Yeah, if you get anything along the lines of "Invalid JSON", it really usually means that the JSON is invalid. And ah, I think I forgot the second argument on matcher.add: instead of matcher.add(label, *rules), it should be matcher.add(label, None, *rules).

Ok, thanks so much. I've got it working with a little tweak. There was a bug in get_stream_with_matches() in that it always assigned the same label to each span, i.e. whichever the last label was in

    for label, rules in patterns_by_label.items():
        matcher.add(label, None, *rules)

Fixed with the following:

def get_stream_with_matches(stream,patterns,nlp):
    patterns = srsly.read_jsonl('./seeds/multi_trust_seeds.jsonl')
    patterns_by_label = defaultdict(list)
    for pattern in patterns:
        patterns_by_label[pattern["label"]].append(pattern["pattern"])
    matcher = Matcher(nlp.vocab)
    for label, rules in patterns_by_label.items():
        matcher.add(label, None, *rules)
    data_tuples = ((eg["text"], eg) for eg in stream)
    span_to_label = {value[0]['lower']:label for label,subdict in patterns_by_label.items() for value in subdict}
    for doc, eg in nlp.pipe(data_tuples, as_tuples=True):
        spans = []   # matched spans
        matched_labels = set()  # all labels that were matched
        for match_id, start, end in matcher(doc):
            matched_label = span_to_label[doc[start:end].lemma_.lower()]
            span = Span(doc, start, end,label=matched_label)
            matched_labels.add(span.label_)
            spans.append({"start": span.start_char, "end": span.end_char, "label": span.label_})
        eg["spans"] = spans
        eg["accept"] = list(matched_labels)
        yield eg

I'm sure there's a more spacy-esque solution which I would be happy to hear if you have it. Calling .lower() on the span lemma is ugly, but with the tagger disabled maybe necessary. Let me know if you have any suggestions, and thanks:)

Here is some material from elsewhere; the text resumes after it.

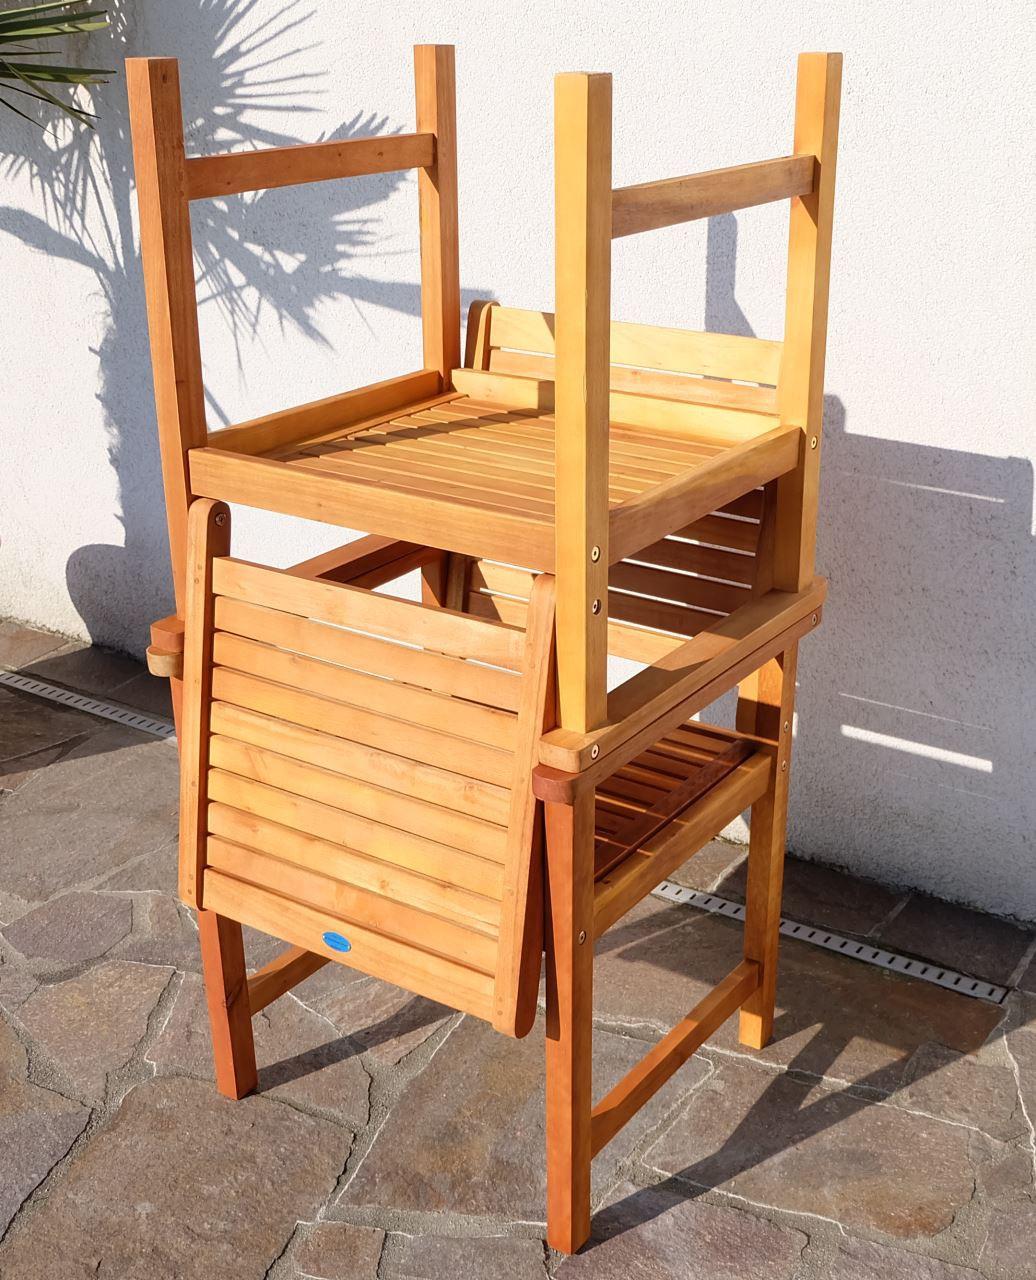 design gartenstuhl saria eu aus eukalyptus wie teak. Black Bedroom Furniture Sets. Home Design Ideas

Glad you got it working! And I think there might be a simpler solution – the match_id (name of the matched pattern) is already the label, so the part where it creates the Span object should look like this (with label=match_id):

for match_id, start, end in matcher(doc):
    span = Span(doc, start, end, label=match_id)

I figured there was:) Thanks.